___ Data block
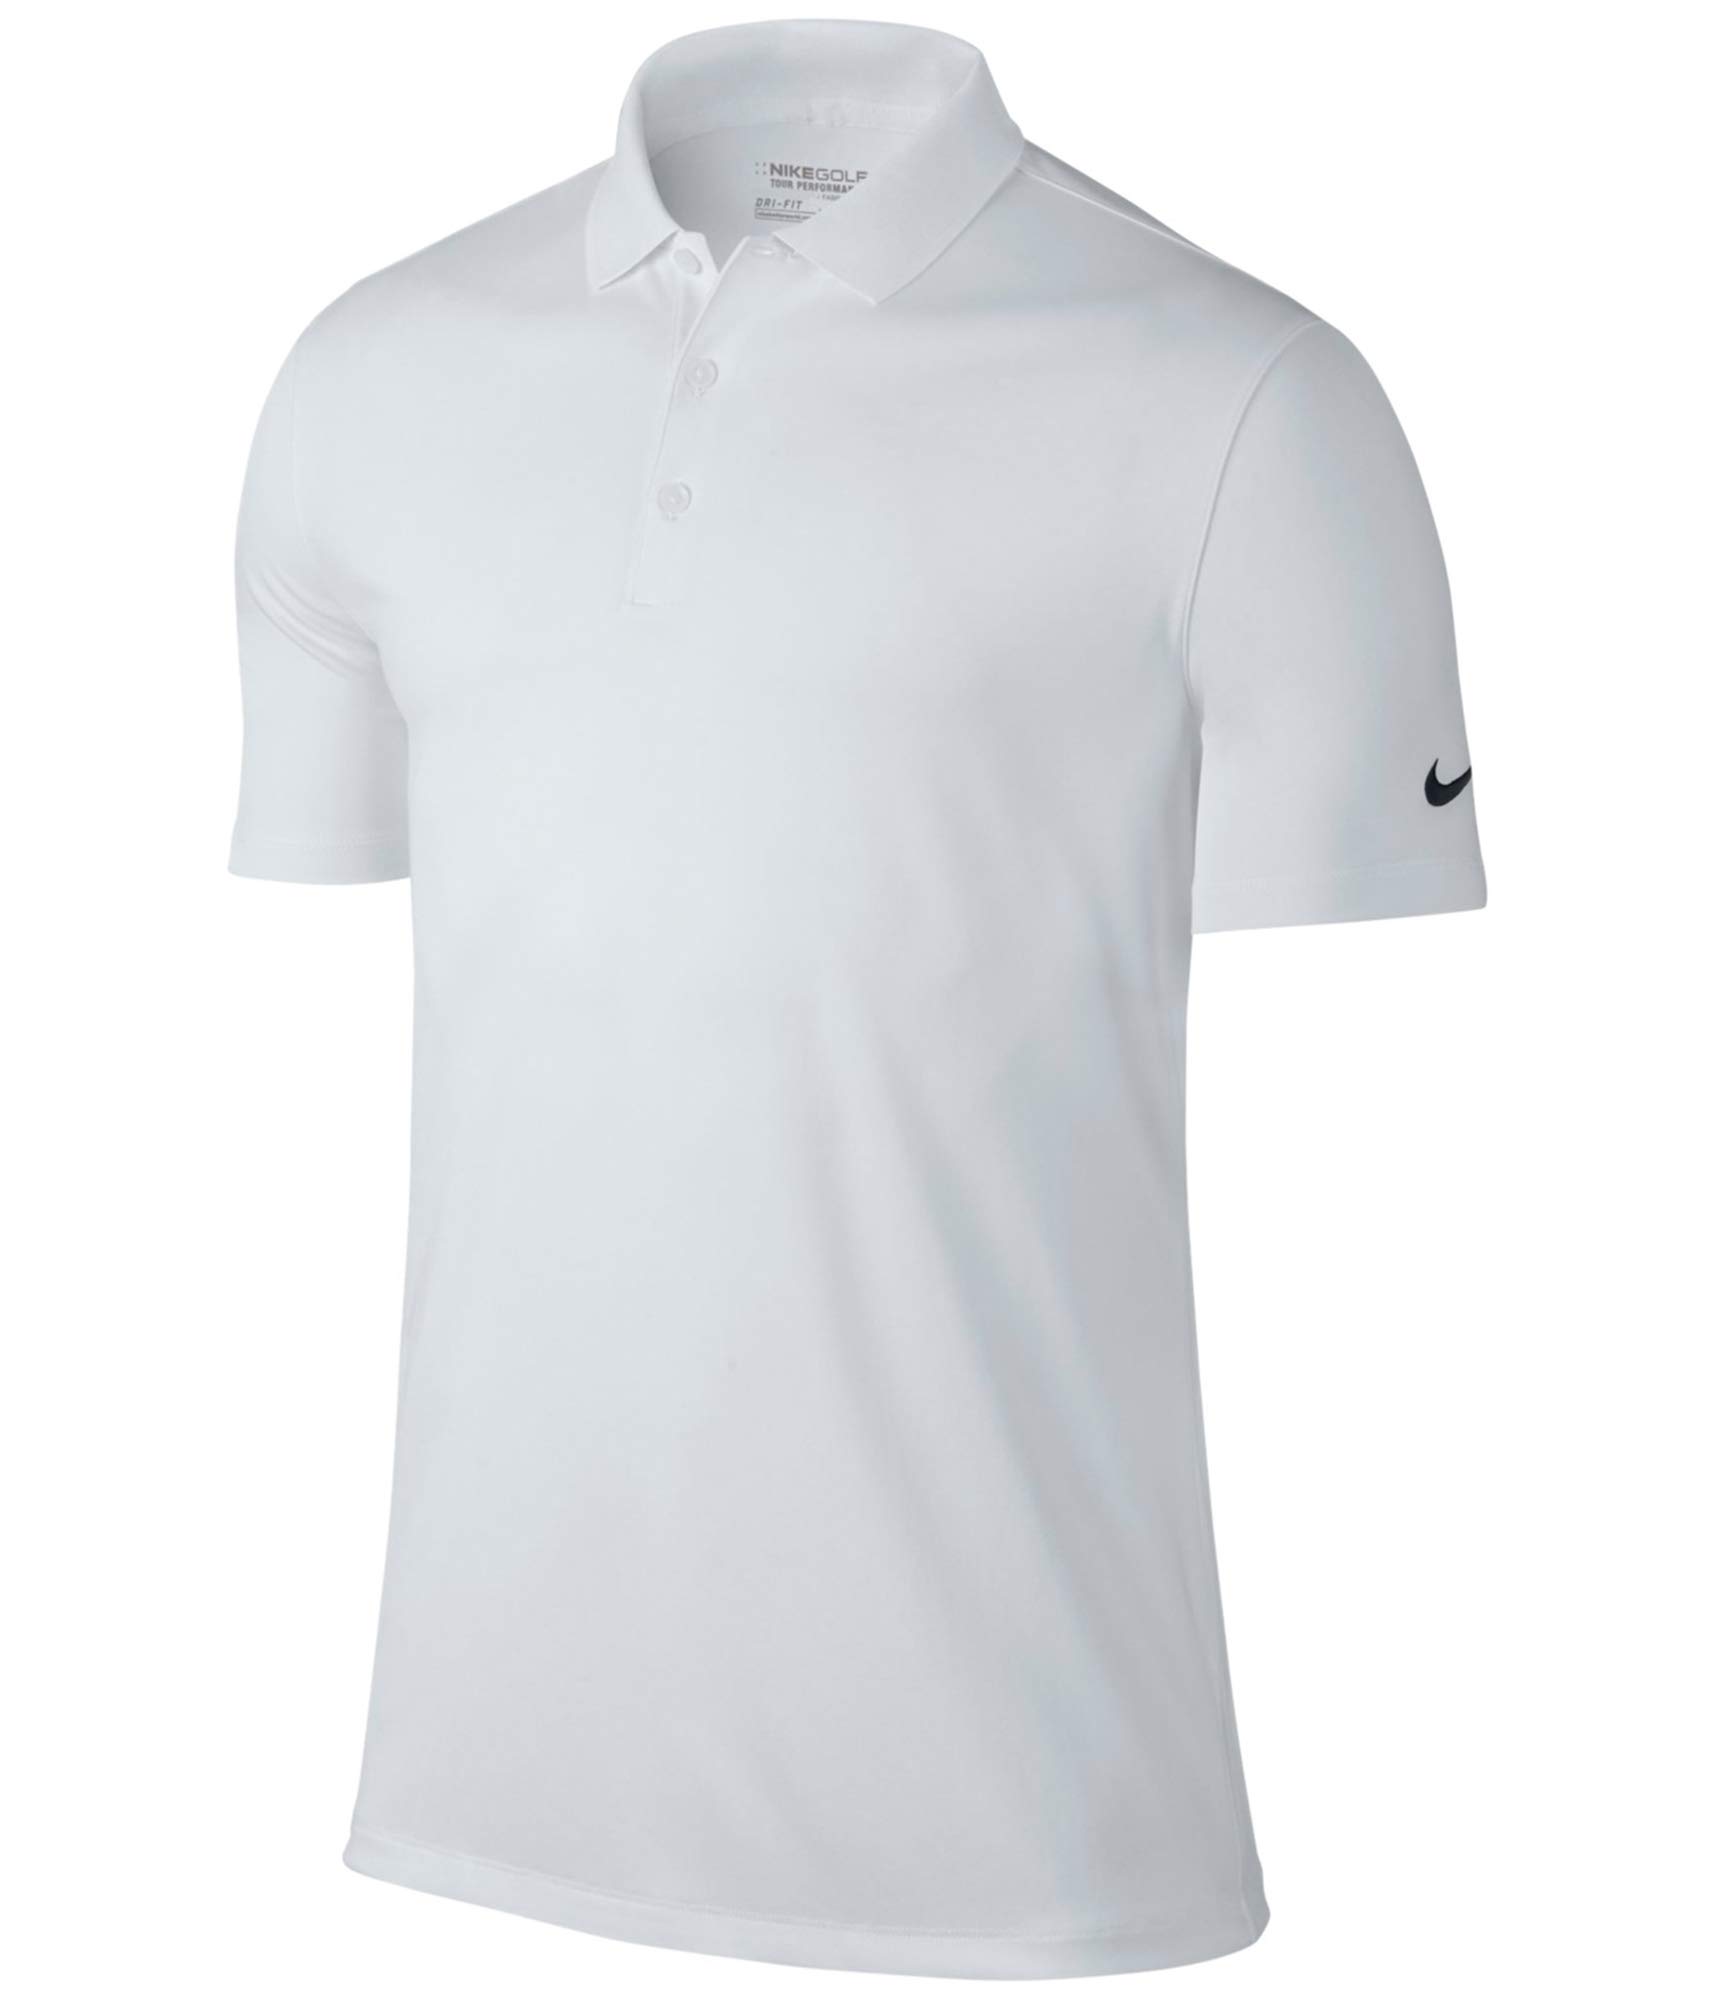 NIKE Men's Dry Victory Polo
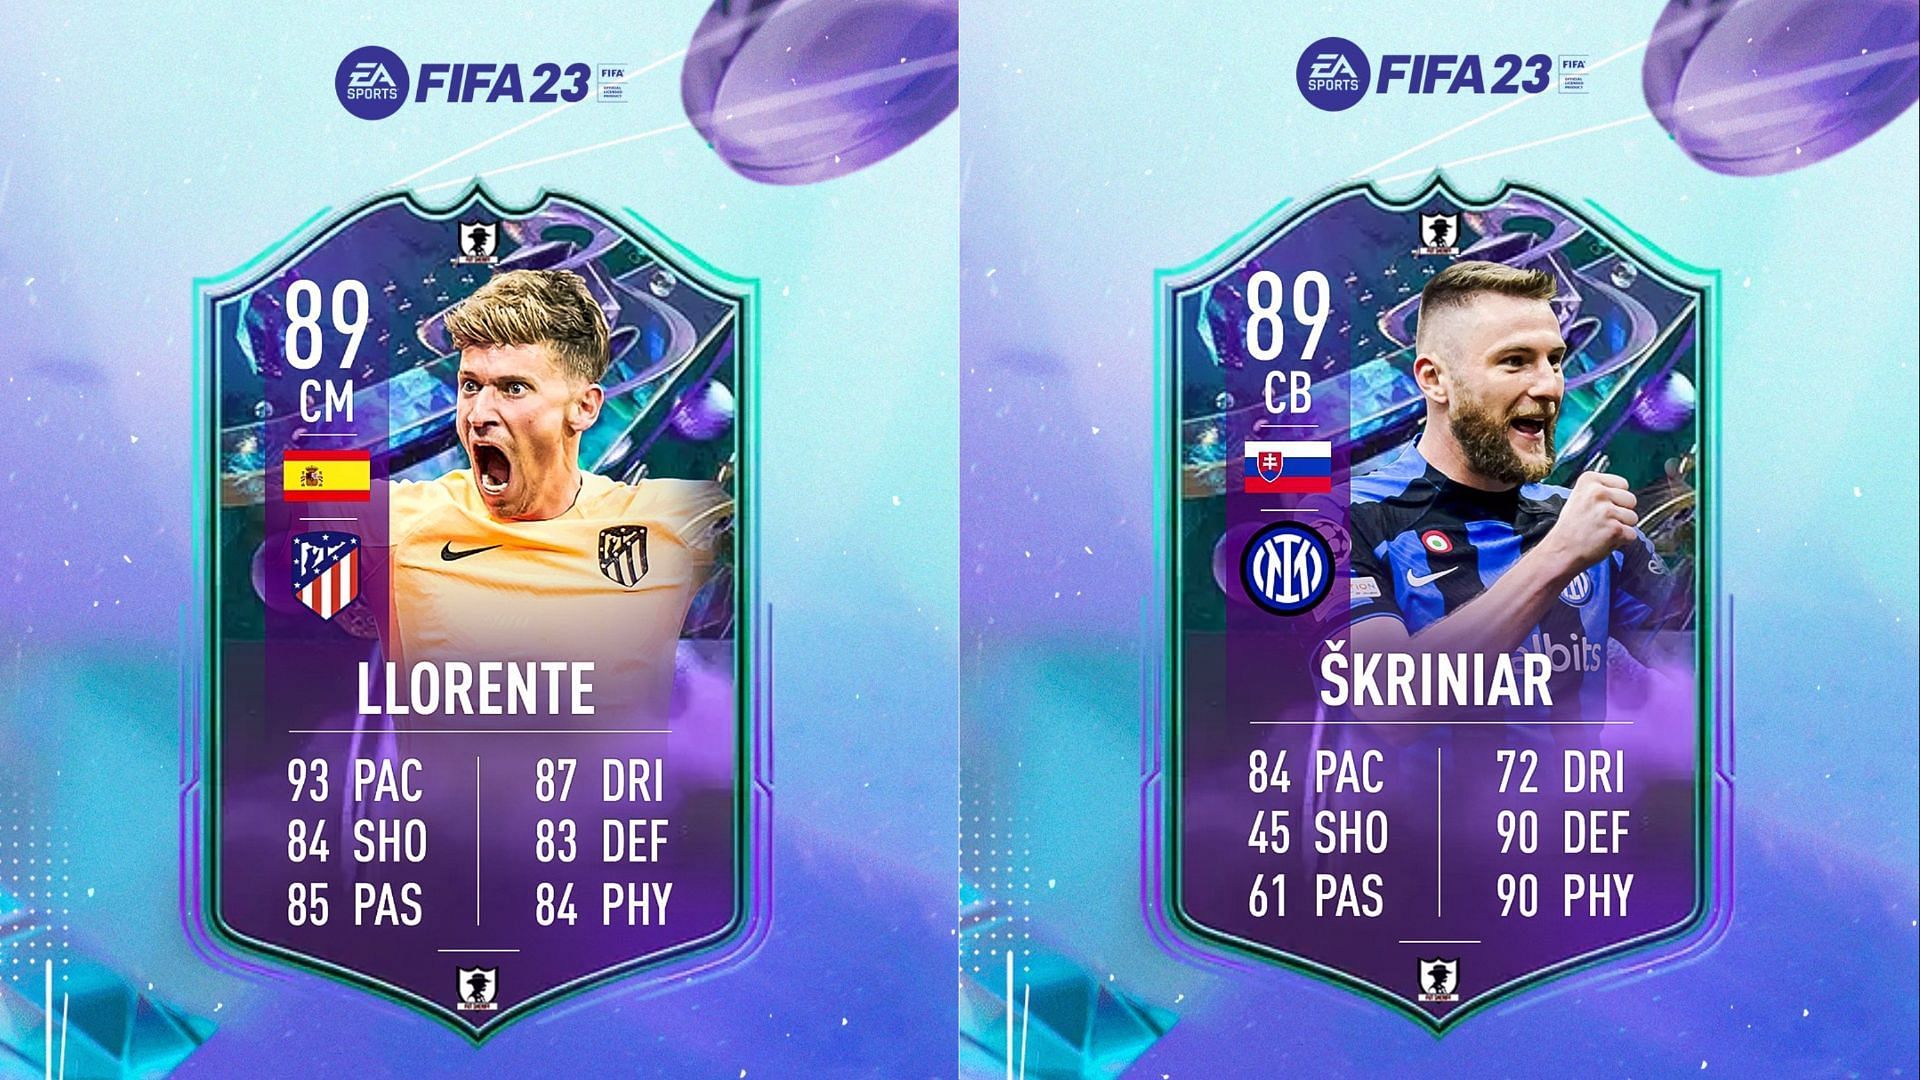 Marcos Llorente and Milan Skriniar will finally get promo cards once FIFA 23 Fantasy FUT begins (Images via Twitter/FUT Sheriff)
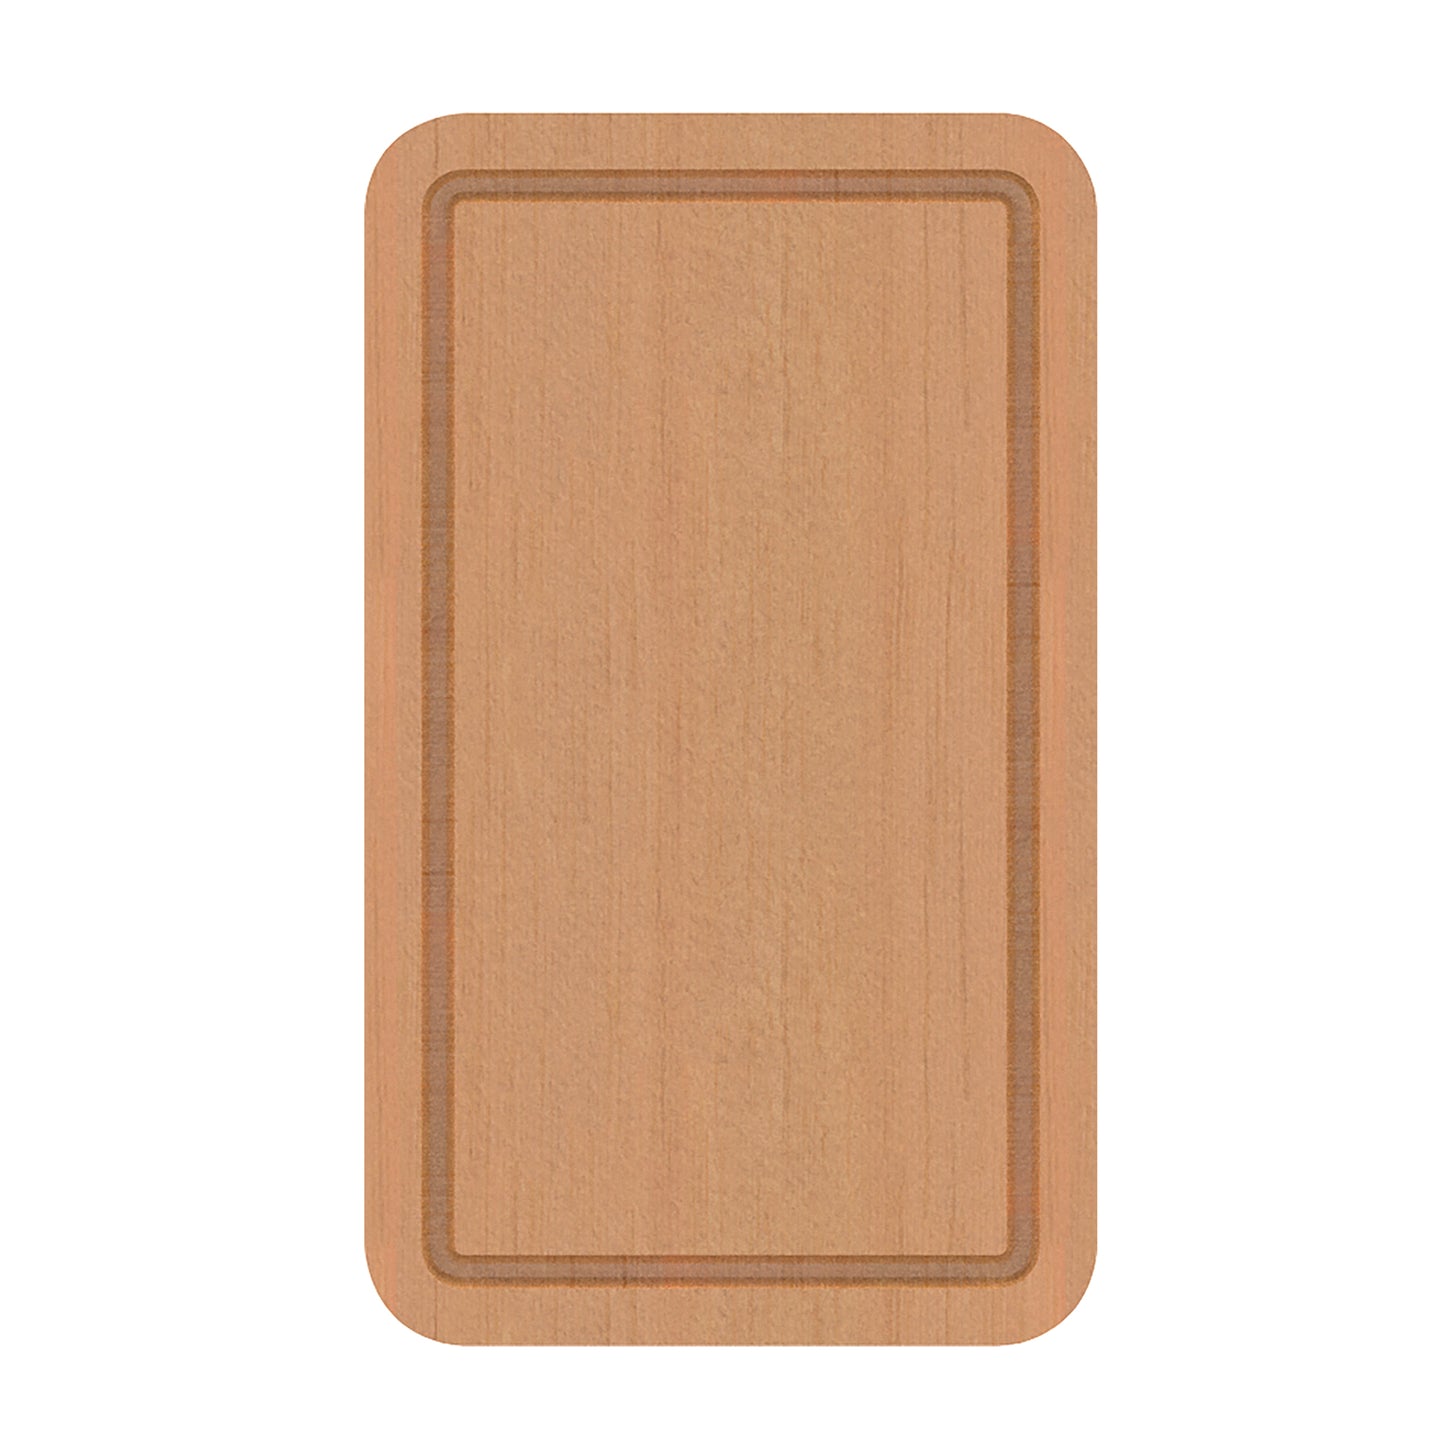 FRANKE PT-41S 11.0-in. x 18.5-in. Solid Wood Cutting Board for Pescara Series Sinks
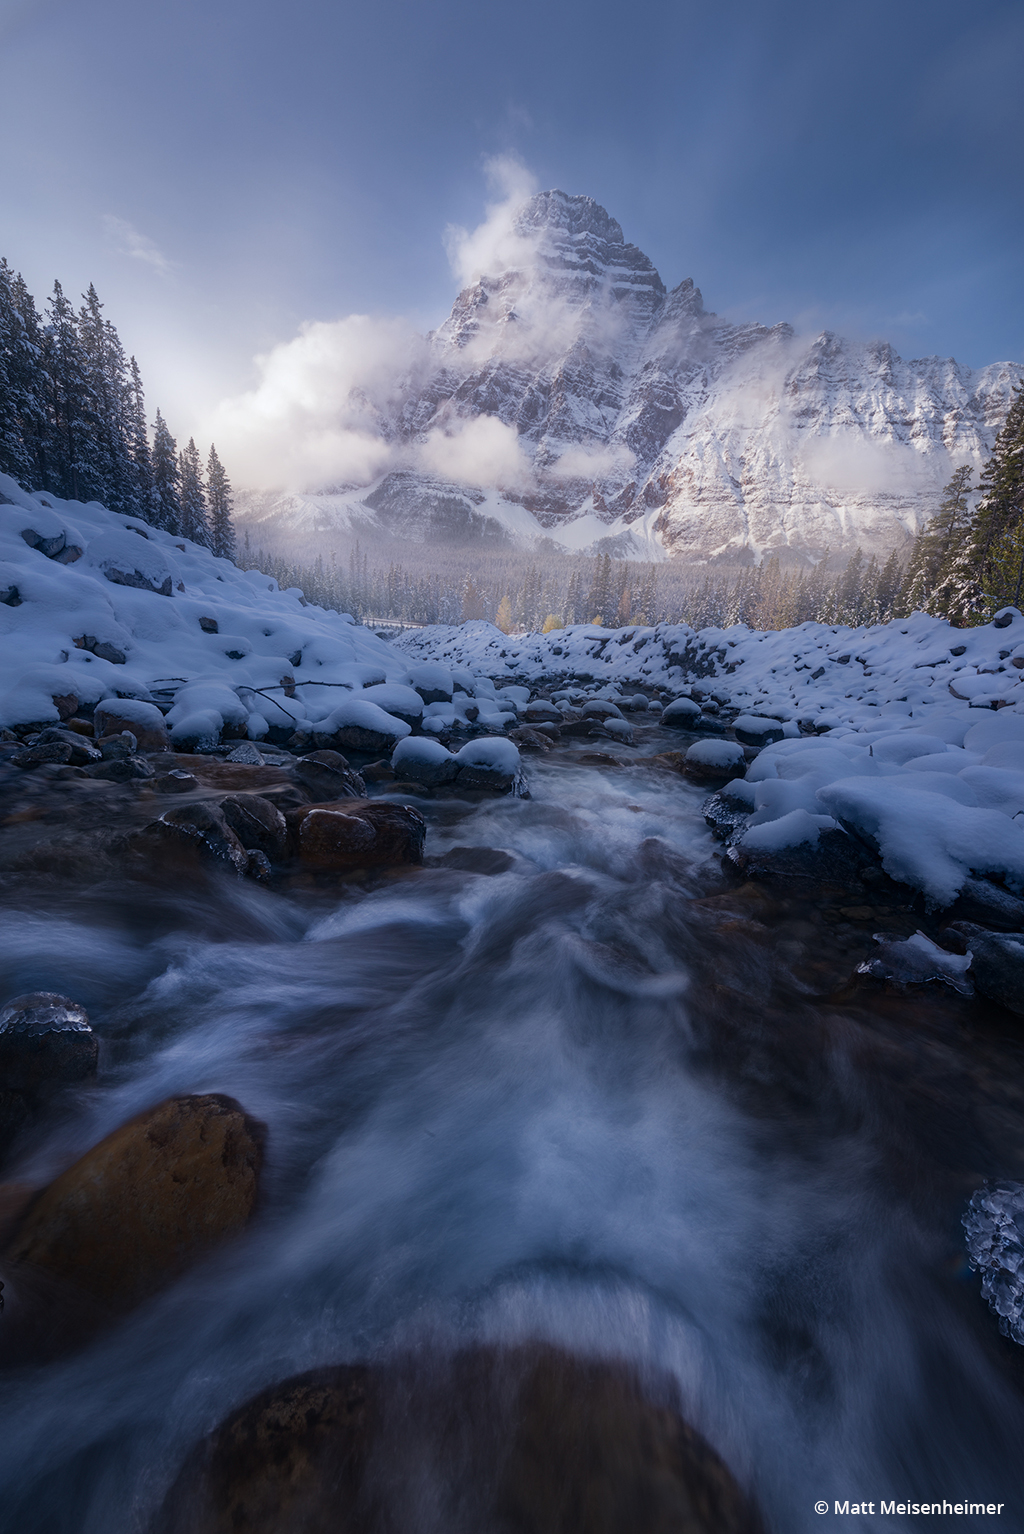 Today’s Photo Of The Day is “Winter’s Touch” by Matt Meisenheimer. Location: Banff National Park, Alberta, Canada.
______
What you should do
Pictures in the material above should be skipped; print exactly the lines from the one with "Marcos Llorente and" through the one with "FRANKE PT-41S 11.0-in.".

Answer
 Marcos Llorente and Milan Skriniar will finally get promo cards once FIFA 23 Fantasy FUT begins (Images via Twitter/FUT Sheriff)
 FRANKE PT-41S 11.0-in. x 18.5-in. Solid Wood Cutting Board for Pescara Series Sinks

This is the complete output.